Souris d'ordinateur et caddie

 

Les consommateurs extrêmes, des utilisateurs férus d'Internet, du mobile, et des outils proposés permettant de comparer et d'évaluer, seraient plus nombreux sur le Vieux Continent.

42 % des consommateurs européens et 37 % des Américains sont dits extrêmes. C’est-à-dire que leur comportement d’achat est axé sur la valeur du produit qu’ils convoitent. Pourquoi en parler ? Parce que, selon GfK, qui publie l’étude Own the Future of Shopper Marketing, le moyen privilégié pour se renseigner sur ces produits est le web. Et là encore, c’est le Vieux Continent qui se distingue : 95% des “consommateurs extrêmes” aiment chercher des produits en ligne, contre 66% aux Etats-Unis. Dans la même veine, les trois quarts des Européens affirment chercher plus souvent que par le passé des produits sur Internet, contre 68 % des habitants du Nouveau Monde. Les consommateurs extrêmes, principalement des personnes âgées de 25 à 44 ans employées à plein temps, utilisent également plus les technologies mobiles : un sur quatre en Europe s’aide d’avantage qu’auparavant de ces outils pour sa consommation.

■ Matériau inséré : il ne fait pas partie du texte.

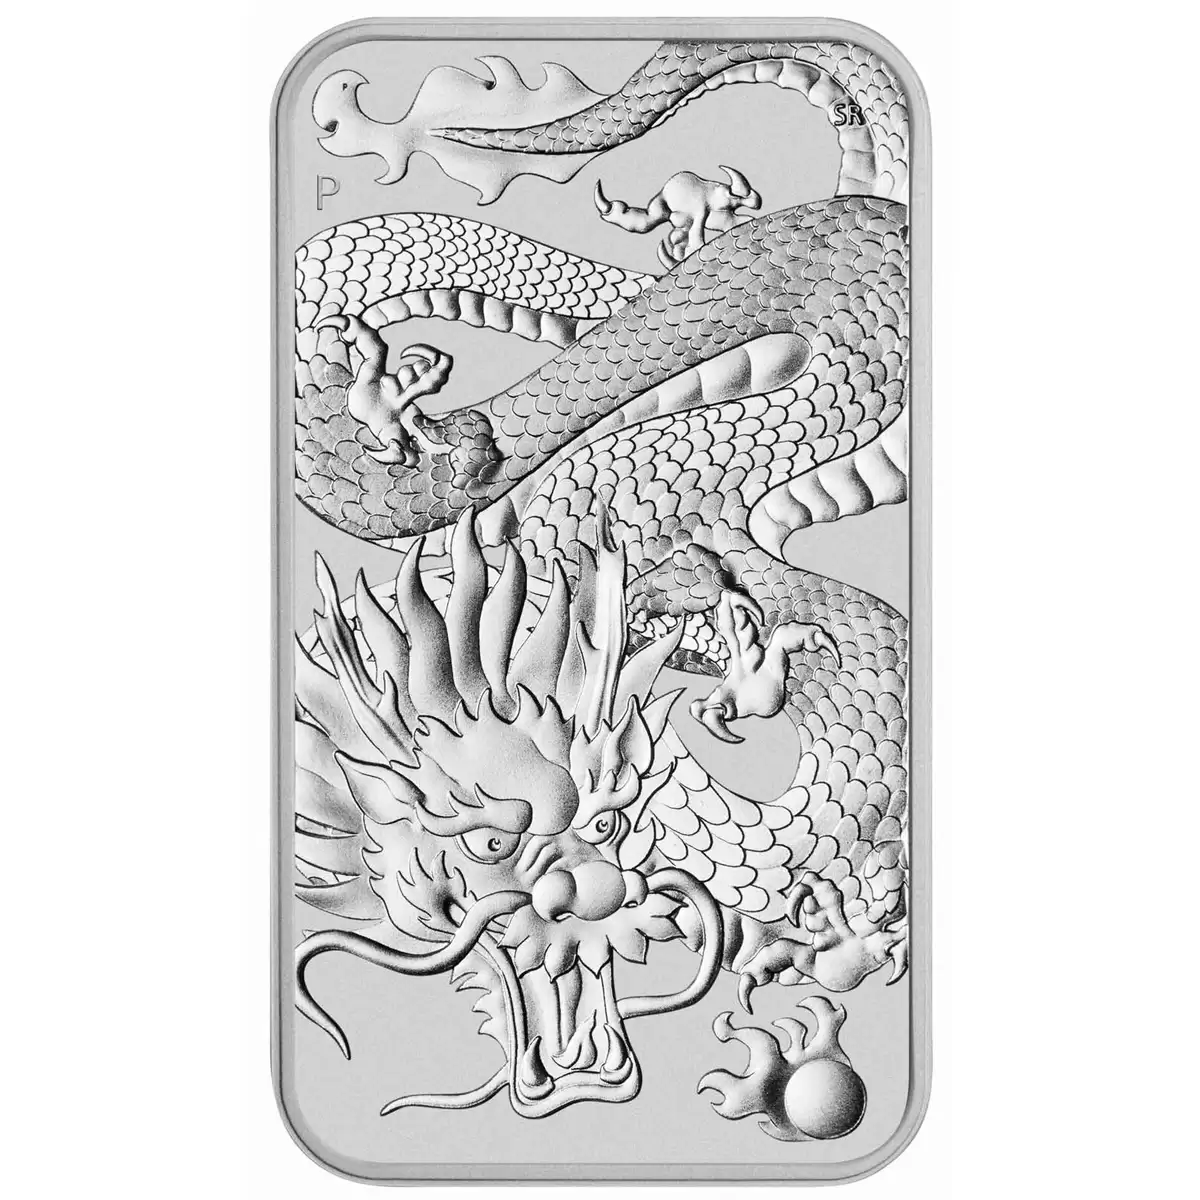  1oz Perth Mint Silver 2022 Dragon Rectangular Bullion Coin

La valeur d’un achat se calcule sur internet, surtout en Europe

La raison de cet engouement, sur un Continent comme sur l’autre ? L’économie d’austérité, qui incite à acheter intelligemment. La technologie apporte du coup à ces consommateurs les informations dont ils ont besoin, ce qui accroît la concurrence. En Europe, pour plus de trois quarts des consommateurs extrêmes, contre deux tiers aux Etats-Unis, le besoin de comparer les prix les rend moins fidèles à un détaillant particulier. “Les commerçants doivent donc trouver un moyen de récompenser les clients fidèles qui fera écho avec leurs besoins actuels”, souligne ainsi Alison Chaltas, co-auteur de l’étude et représentante de GfK. A noter que la distanciation de l’Europe sur les Etats-Unis en matière d’utilisation de la technologie pour la consommation se confirme y compris dans l’achat.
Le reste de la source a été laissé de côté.